Изменить размер шрифта - +
Потому я шел  
дальше, мучаясь жаждой и сглатывая вязкую слюну. «Ни малейшего следа» — это значит ничего. Ни плевка на обочине, ни автоматной гильзы, ни капли  
воды, случайно оброненной из фляжки на горячий асфальт. Я был уверен — Лесник, привязанный Зоной к самой огромной ее аномалии, знал что говорит. И  
потому я двигался вперед, все ускоряя шаг между одинаковыми живописными домами, похожими друг на друга словно игрушечные кубики из одной коробки.
    
Люди, мимо которых я проходил, оборачивались все чаще. Некоторые даже пытались поймать руками невидимый призрак, вызывавший у них мимолетную  
тревогу. Но им это не удавалось — их реакция была слегка заторможенной. Счастье расслабляет, а для того, чтобы поймать невидимого врага, нужны  
отточенные и злые рефлексы.
   Я уже видел небольшой мостик, переброшенный через мелкую речушку, пересекавшую город. Лесник говорил, что за мостиком  
все будет проще, правда, я не совсем понял, что он имел в виду. Но розовая вата снова ощутимо давила мне на мозги. Я невольно ловил себя на мысли,  
что еще немного — и я с улыбкой до ушей брошу на газон ненужный автомат и радостно присоединюсь к ближайшей группе любителей местного кваса. И так  
ли уж это плохо? Может, и вправду, бросить все к чертям?

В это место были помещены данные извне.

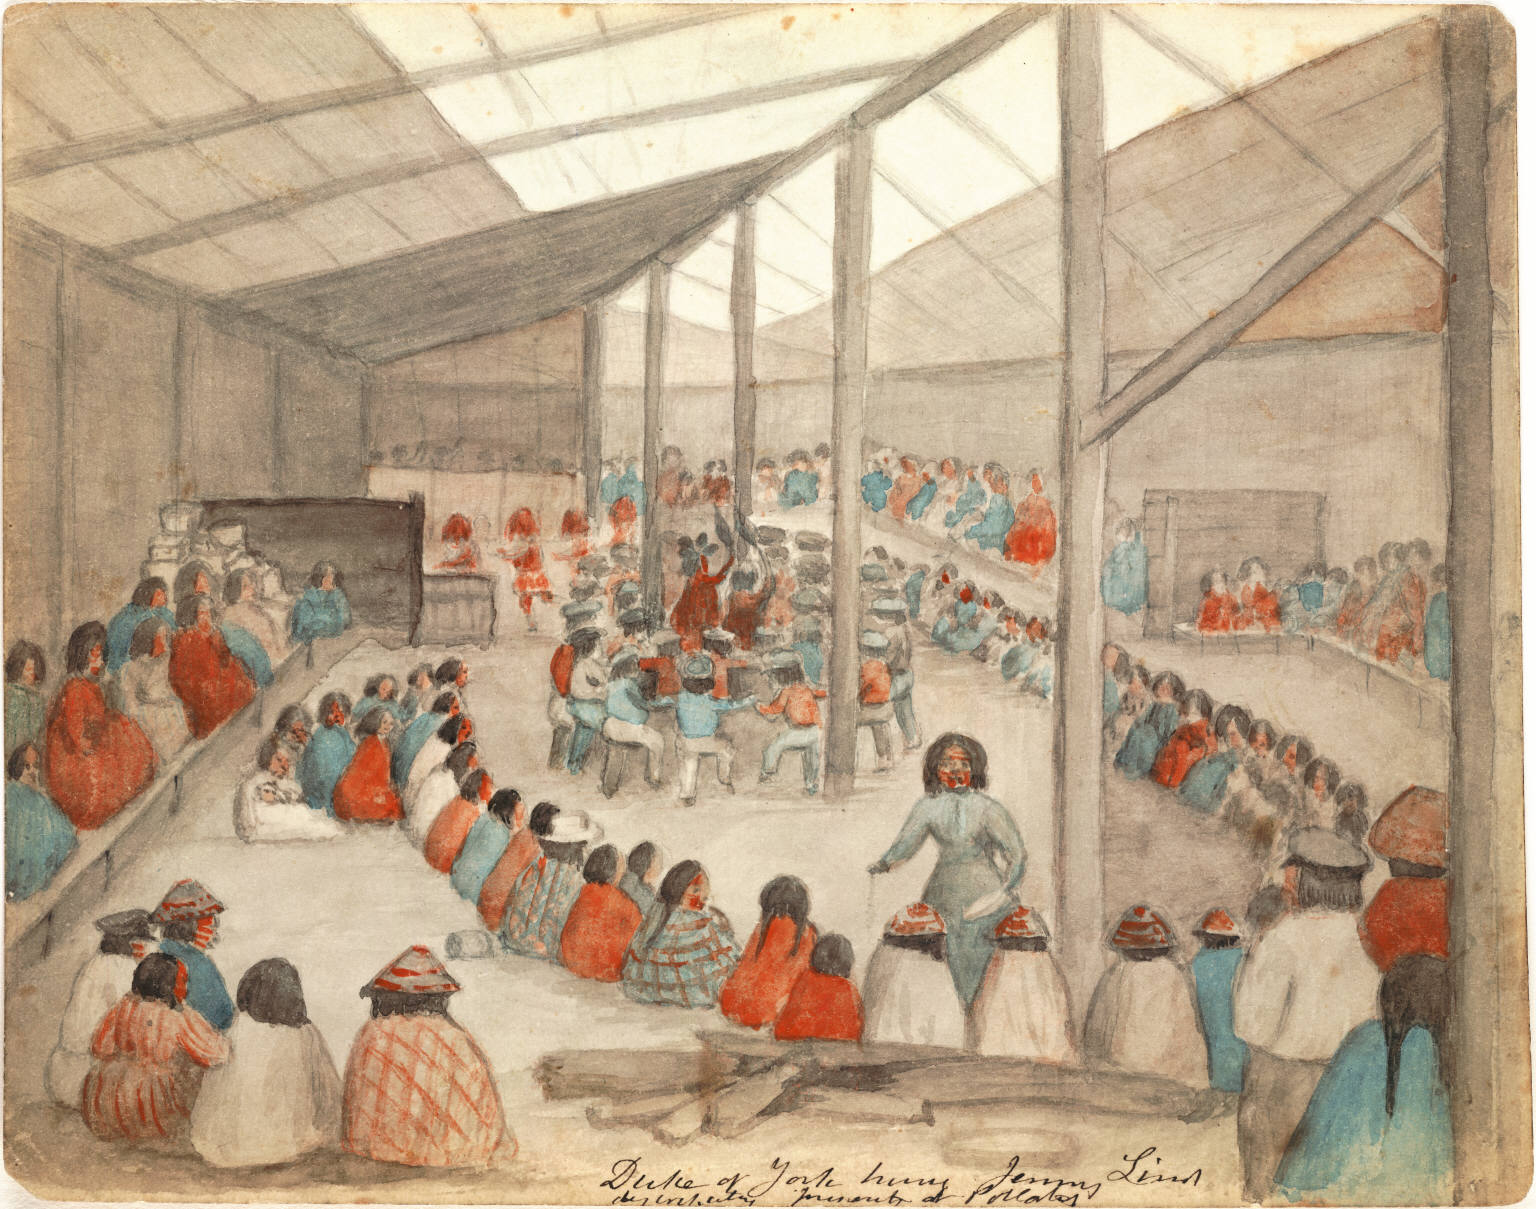 a watercolor of a potlatch. People are gathered in a large building with wooden beams down the center. People are sitting in a circle surrounding a group of people dancing. People are wearing red-orange and light blue clothing.

Может, вот оно, твое счастье, сталкер, за которым ты уже так долго гоняешься по свету?..
    
Занятый чужими мыслями, все настойчивее копошащимися в моих извилинах, я не сразу заметил старушку, вышедшую из приземистого одноэтажного здания с  
бесхитростной надписью «Продукты» над входом, и чуть не сбил ее с ног.
   — Осторожнее, сынок, — сказала она, подняв на меня неожиданно живые и  
внимательные глаза. — Не спеши, а то покалечишь бабушку.

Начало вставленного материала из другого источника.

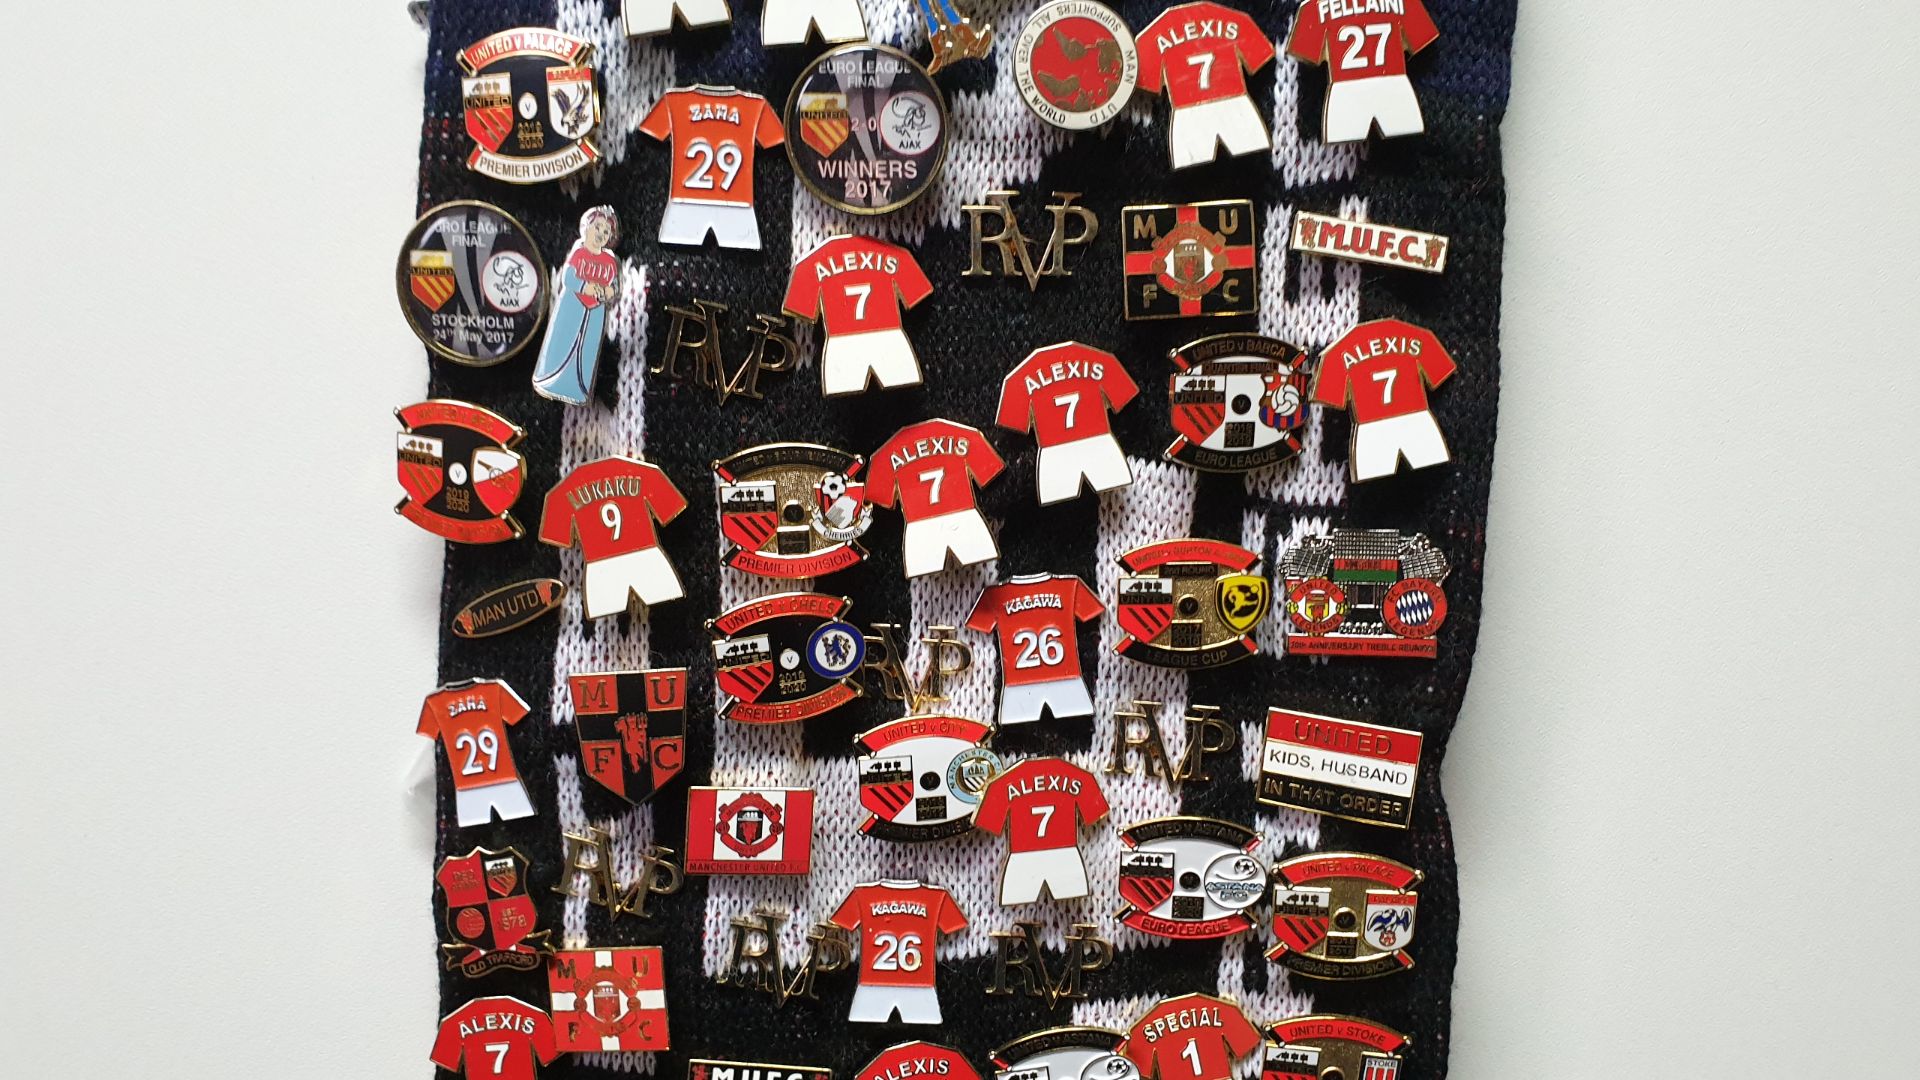 MANCHESTER UNITED SCARF CONTAINING APPROX 220 X PIN BADGES IE MUFC, OLD TRAFFORD, WE HATE CITY, EURO - Image 6 of 8

   Годы изрядно согнули старую женщину. Ее когда-то зеленое платье было под стать хозяйке —  
ветхое, выцветшее, местами искусно залатанное… Она опиралась на клюку странной расцветки — ярко-желтую с синей рукоятью, а в левой руке крепко  
держала плетеную авоську, из которой выглядывали треугольный пакет молока, бутылка кефира с зеленой крышечкой из фольги и батон хлеба за  
восемнадцать копеек.
   Удивительно… Я точно помнил сколько тогда стоил батон с вкусной хрустящей корочкой, но никак не мог вспомнить, где я мог  
видеть эту женщину со взглядом, проникающим прямо в душу…
   — Странно, — сказал я. — Мне казалось, что тебе должно быть не больше двадцати пяти.
    
— Да побольше будет, — ответила она, не отрывая от меня немигающего взгляда. — Как в марте сорок четвертого немцы рванули свой объект «Локи», так я  
и родилась. В один день с трещиной между мирами.

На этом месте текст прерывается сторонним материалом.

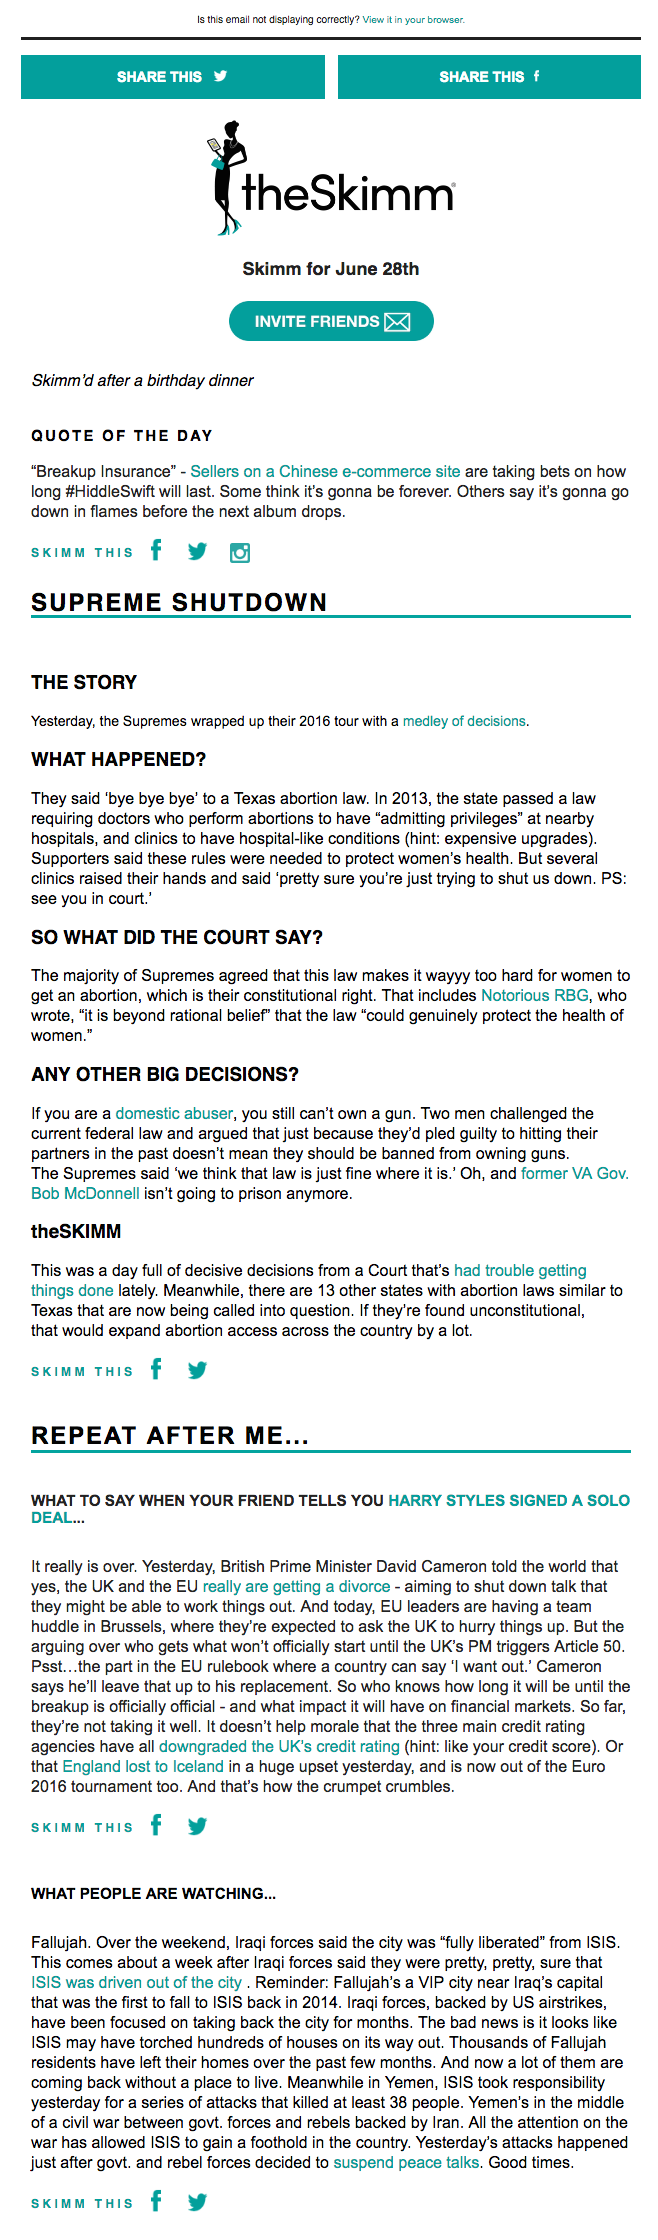 the-skimm-newsletter-example-1.png

   Боковым зрением я видел, как вокруг нас начали собираться гуляющие. Мужчины, женщины, подростки,  
дети. Медленно, неуверенно, словно не веря своим глазам, они всматривались в меня, и их руки невольно сжимались в кулаки. На мгновение я оторвал  
взгляд от лица своей собеседницы и посмотрел на тех, чьи фигуры медленно замыкали кольцо вокруг меня и согнутой годами старухи.
   Странно, что они  
не бросились сразу, а словно ждали чего-то. На их лицах больше не было улыбок. Более того, мне показалось, что у них и лиц-то нет — так, неживые  
резиновые маски, натянутые на старые черепа.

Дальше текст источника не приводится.